Rotator Cuff Tear Clinical Trial
Official title:
Randomized Controlled Trial Comparing Abduction Shoulder Brace Versus Antirotation Sling for Postoperative Immobilization Following Reverse Total Shoulder Arthroplasty and Rotator Cuff Repair
To compare the functional and anatomical outcomes, and patient satisfaction and compliance between two different postoperative immobilization methods - abduction shoulder brace versus simple arm sling - following 2 common shoulder surgical procedures - rotator cuff repair (RCR) and reverse total shoulder arthroplasty (RTSA) through a prospective randomized clinical trial.
Scientific Background and Gaps Rotator cuff repair and reverse total shoulder arthroplasty
are common procedures that aim to provide patients with less pain, better shoulder function,
and overall improved quality of life. The number of these procedures performed annually has
increased dramatically, and improved outcomes have been demonstrated for each intervention.

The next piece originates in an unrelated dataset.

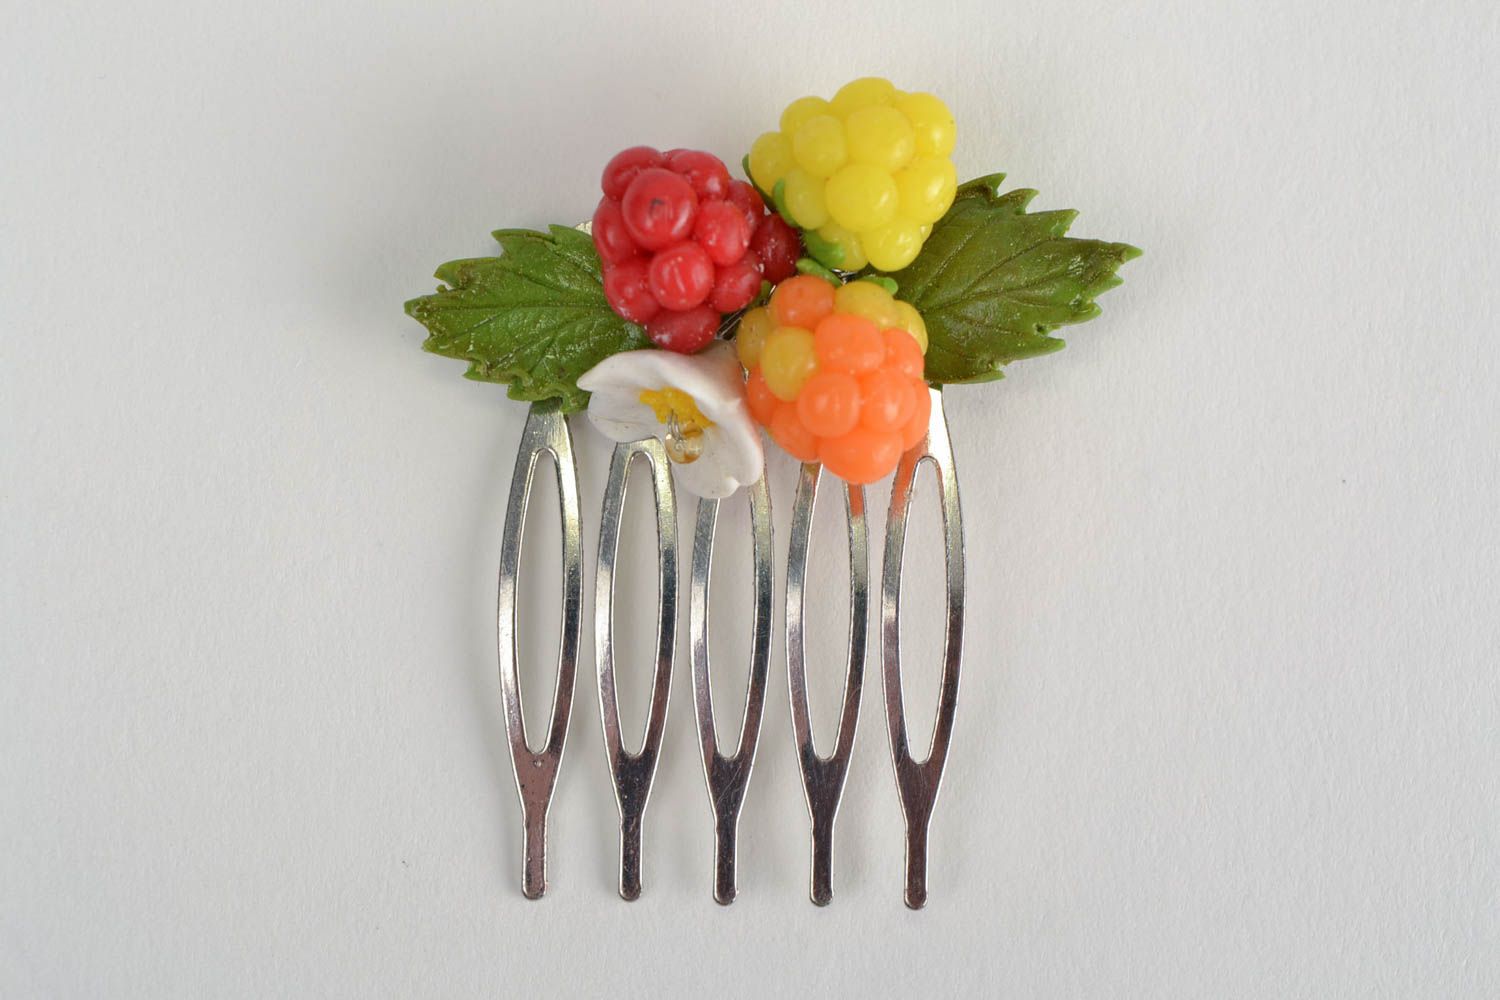 Metall Haarkamm mit Blumen und Beeren aus Polymerton bunt klein nett Handarbeit foto 3

Part of the success of these operations is dependent on postoperative rehabilitation and
patient compliance. Shoulder immobilization versus early range of motion following each
procedure has conflicting data, and recent studies have shown that the method of shoulder
immobilization may not influence clinical outcomes. Previous studies, both clinical and
biomechanical, have demonstrated that arm position following RCR impacts tension and stress
placed on the repair, but few have shown whether this translates to improved patient
outcomes. Some surgeons prefer simple arm slings for the above-named procedures, while others
opt for the abduction brace. Multiple studies have shown the optimal shoulder position that
places the least amount of tension on the RCR, or soft tissue envelope following RTSA,
however there is no consensus as to the optimal postoperative immobilization technique that
significantly affects patient outcomes. An antirotation sling is significantly cheaper than
an abduction shoulder brace, and our anecdotal experience is that patients experience more
difficulties with an abduction shoulder brace than an antirotation sling. Our study aims to
determine whether patient outcomes are significantly affected by immobilization with an
abduction brace or simple arm sling. Our hypothesis is that antirotation slings are no better
or worse than shoulder abduction braces in regards to shoulder range of motion, satisfaction
and compliance with the immobilization method, and pain.
Study Rationale There is a lack of evidence regarding abduction braces versus simple arm
slings for postoperative immobilization following rotator cuff repair and reverse total
shoulder arthroplasty. A better understanding of outcomes between each device will allow for
more options available to the patient and surgeon, as well as a potential for decreased cost
to the patient as there is a substantial difference in cost between the two devices.